◆ **Problem**: Your answer should be the lines from the one with "Sektempfang und Gratulation" to the end of the data below, both included, exact and free of pictures.

Data extracted from a collection:
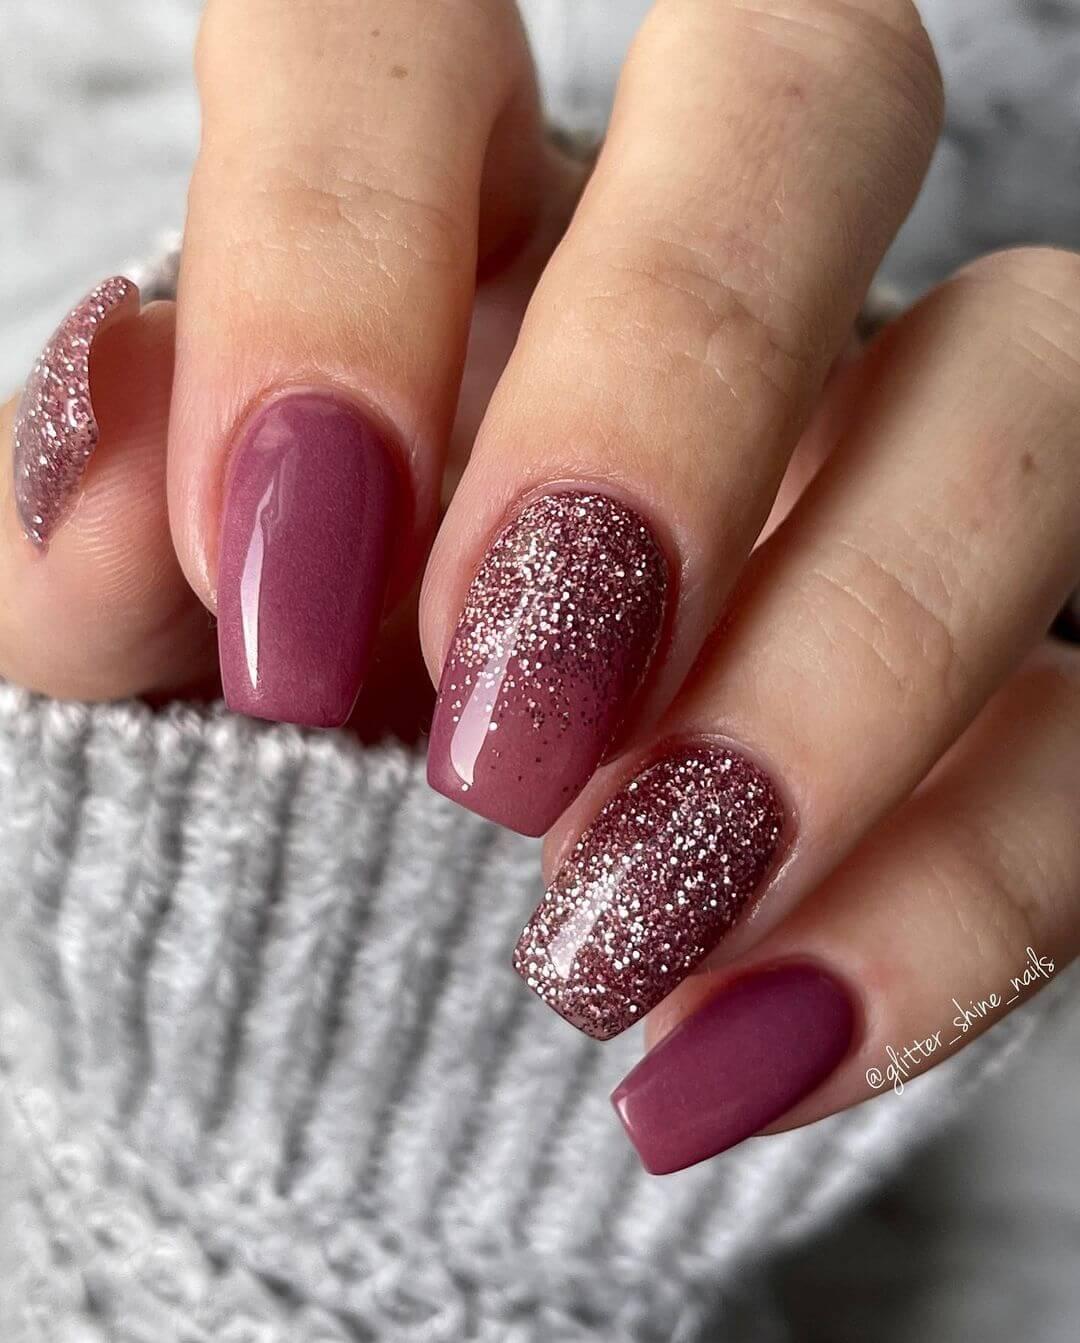 Glitter Nail Art Designs Wonders trucking maroon nail paint
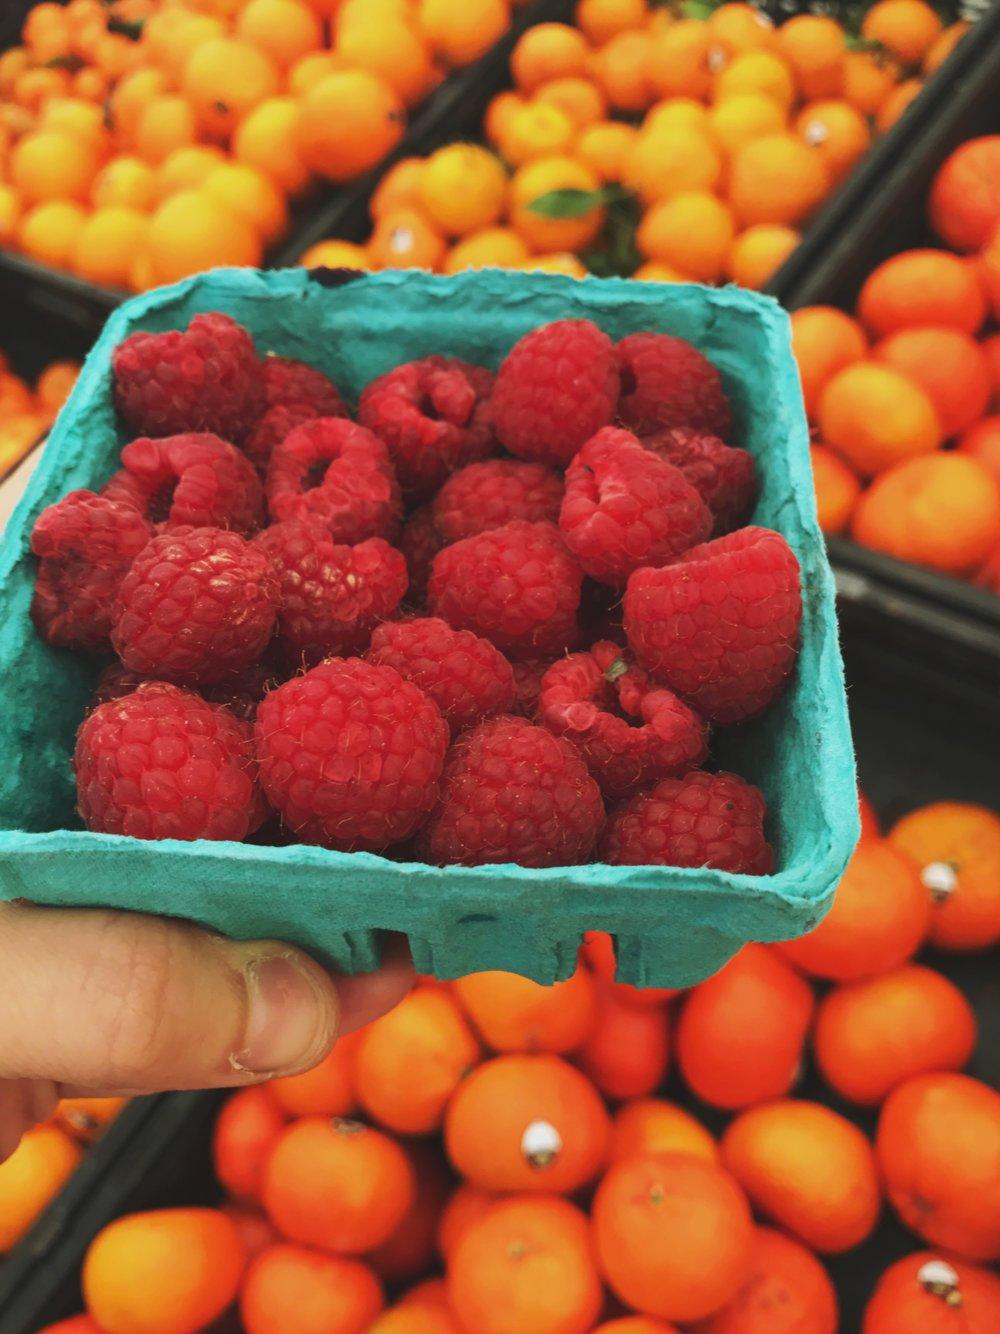 Kruger's Farm Market
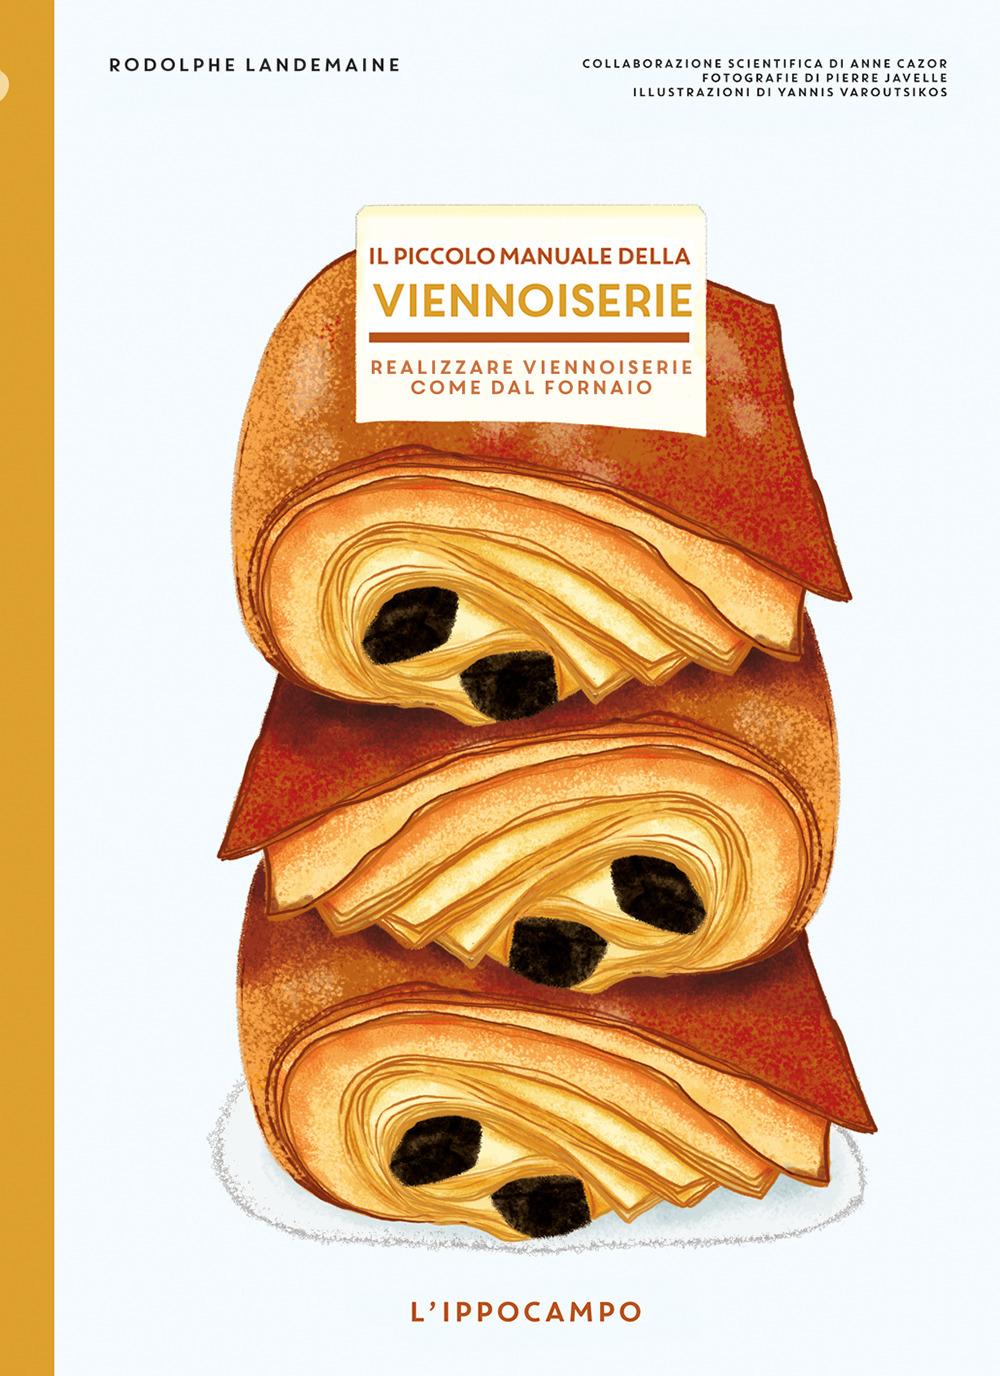 Il piccolo manuale della viennoiserie. Realizzare viennoiserie come dal fornaio. Ediz. illustrata
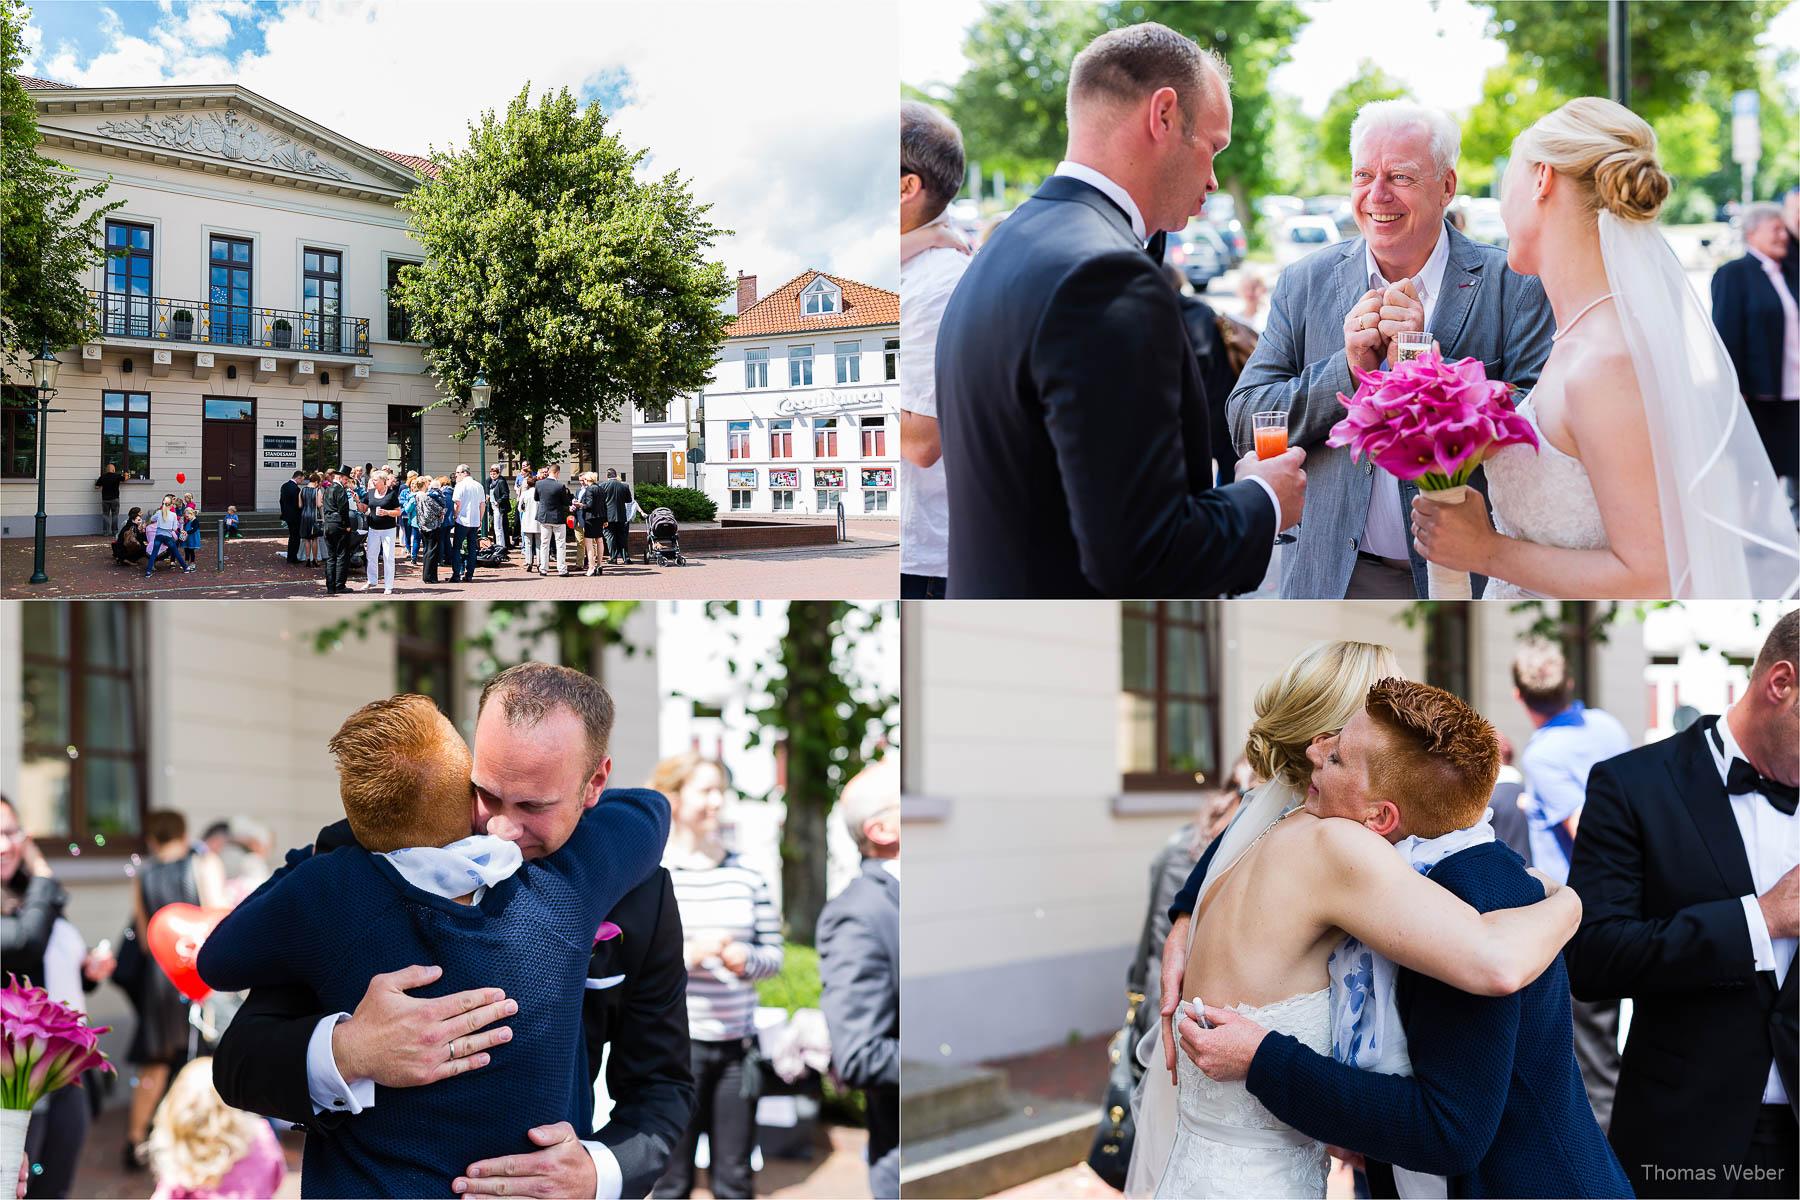 Sektempfang und Gratulation der Hochzeitsgäste vor dem Standesamt am Pferdemarkt in Oldenburg, Hochzeitsfotograf Oldenburg Thomas Weber
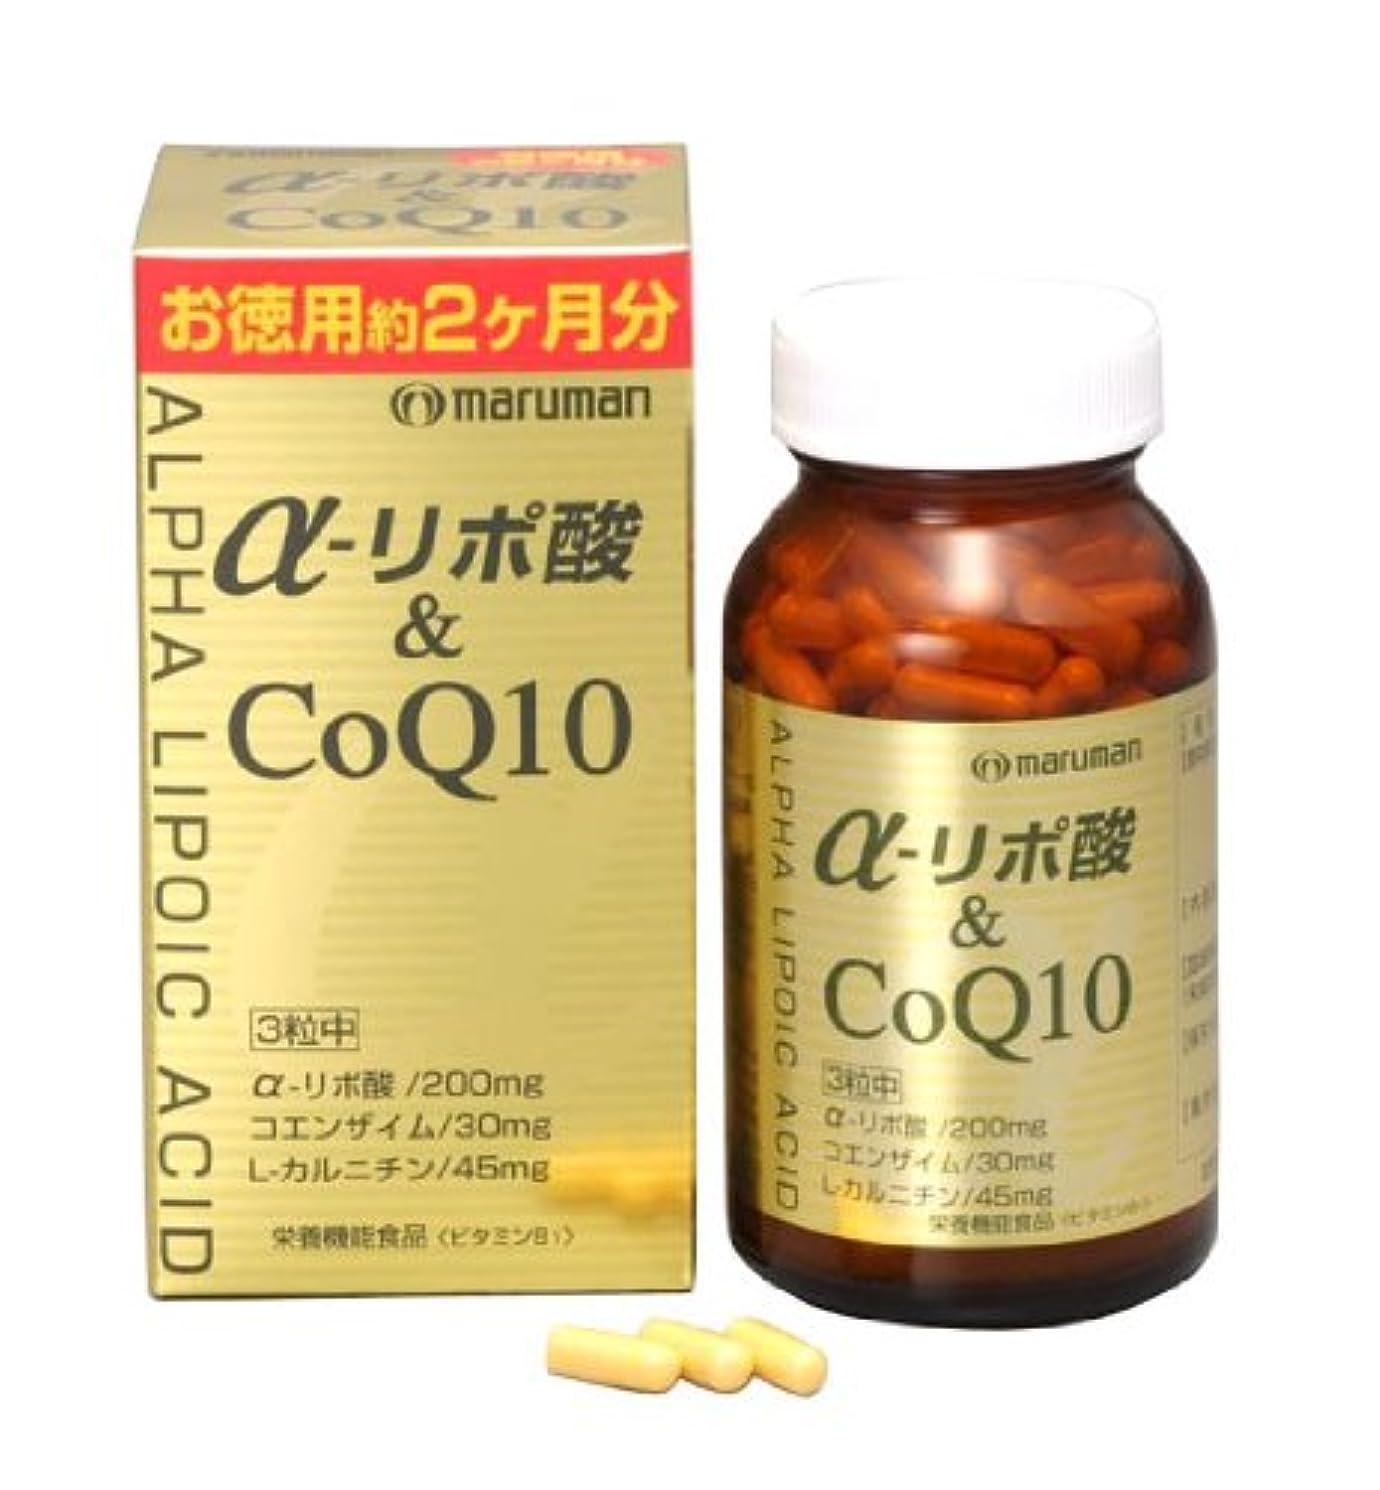 回復戻る蜜マルマン α-リポ酸CoQ10 249㎎×180粒

◆ **Exercise solution**:
 Sektempfang und Gratulation der Hochzeitsgäste vor dem Standesamt am Pferdemarkt in Oldenburg, Hochzeitsfotograf Oldenburg Thomas Weber
 回復戻る蜜マルマン α-リポ酸CoQ10 249㎎×180粒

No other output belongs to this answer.